А еще говорят, что мужики не плачут.
Но оказалось, что боль боли рознь, и есть такая, которую вынести в одиночку просто невозможно.
Да, у Лекса были верный молчаливый Женька и холодный хмурый Варг — они не давали ему упасть на самое дно одиночества и с того дня зорко и неустанно следили, чтобы Лекс один совсем не оставался.

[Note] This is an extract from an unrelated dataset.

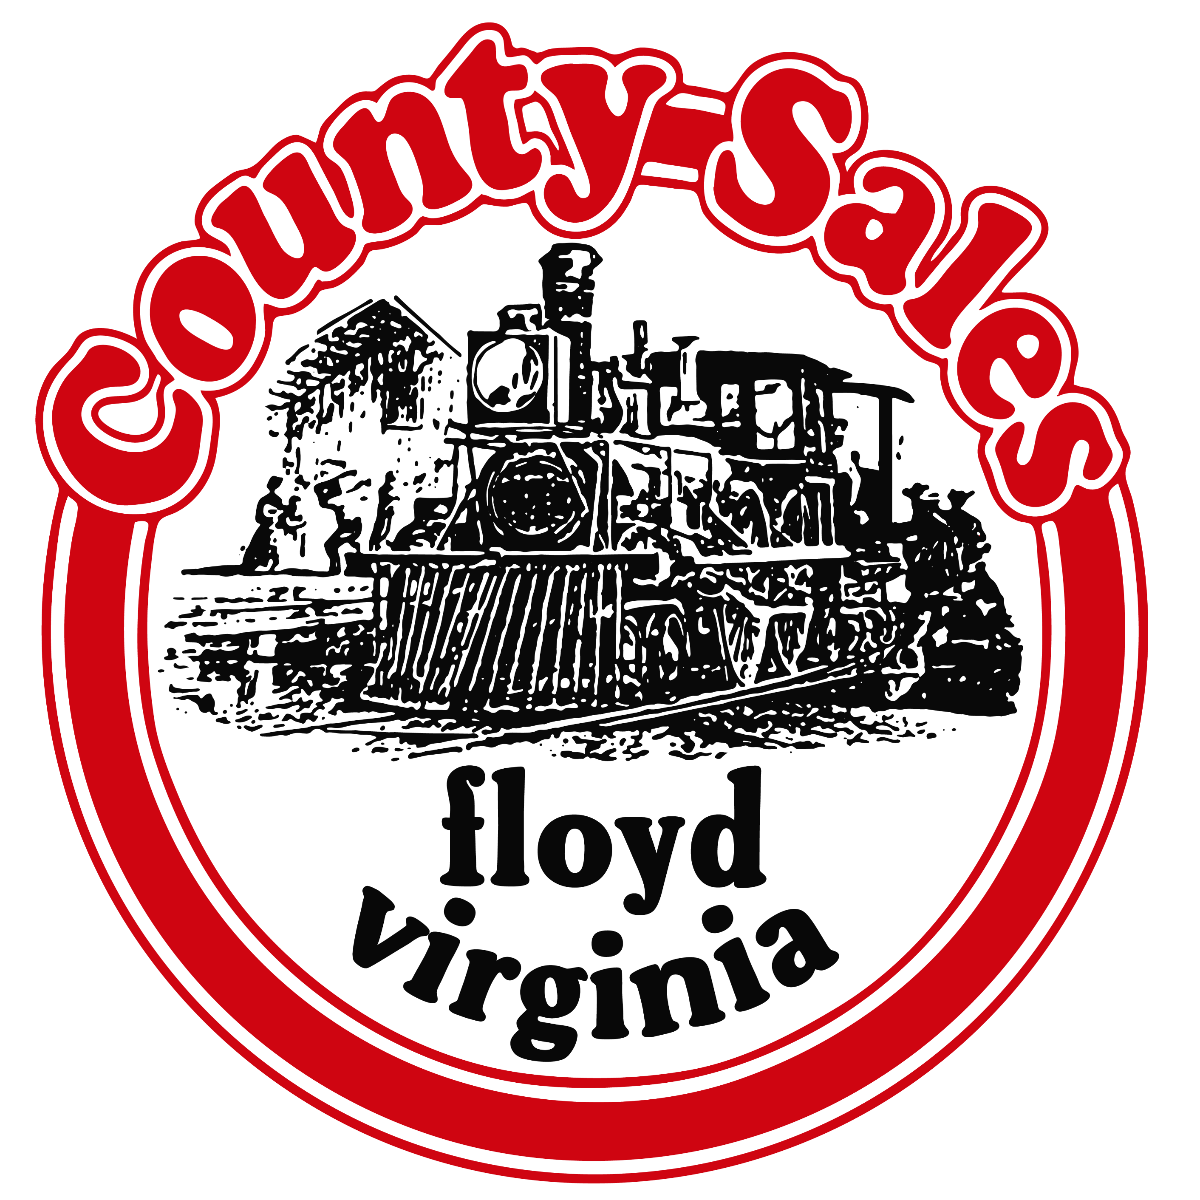 County Sales Logo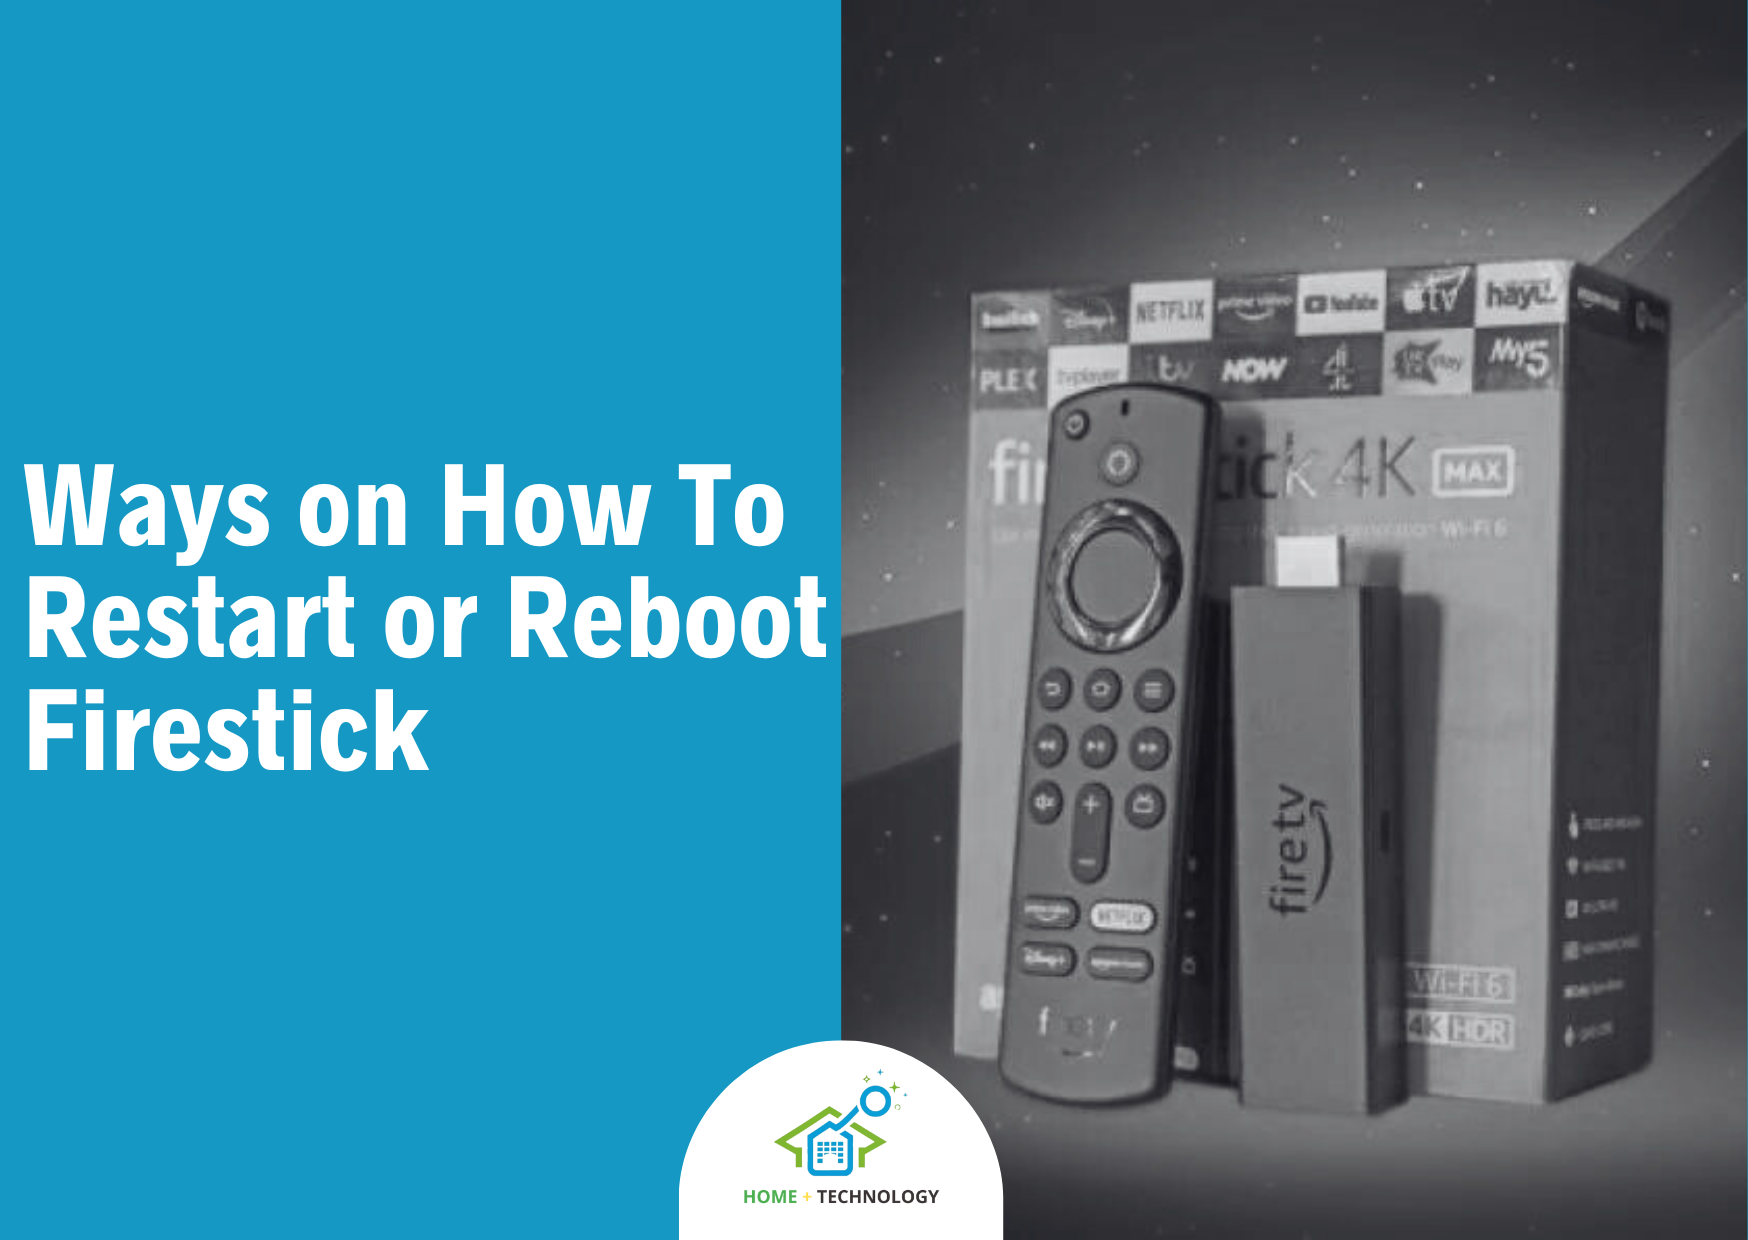 4 Ways How To Reboot or Restart Firestick

Но иногда он сбегал и от друзей.
Приезжал посреди ночи на то самое место, где его отец погиб так быстро, жестоко и страшно, садился прямо на асфальт и разговаривал с папой.
Всё ему рассказывал, потому что знал, что его душа здесь, а не в пустой могиле, куда не смогли положить даже прах.
Иногда ложился, прижимаясь щекой к асфальту, и замирал, словно ждал, что папа ответит.
Что подскажет мудрым словом или расскажет историю из своей жизни как мораль того, что может случиться.
Как же ему сейчас не хватало этих разговоров и историй!
Лекс знал, что Женька пытался отгородить его от печальных мыслей. Вероятнее всего, на этом месте не раз проводили уборку и пытались смыть все следы от чудовищного взрыва, после которого от добротного джипа и четырех мужчин остались лишь клочки плоти, костей и металла. Но черный след, который шел почти ровной окружностью, всё равно остался.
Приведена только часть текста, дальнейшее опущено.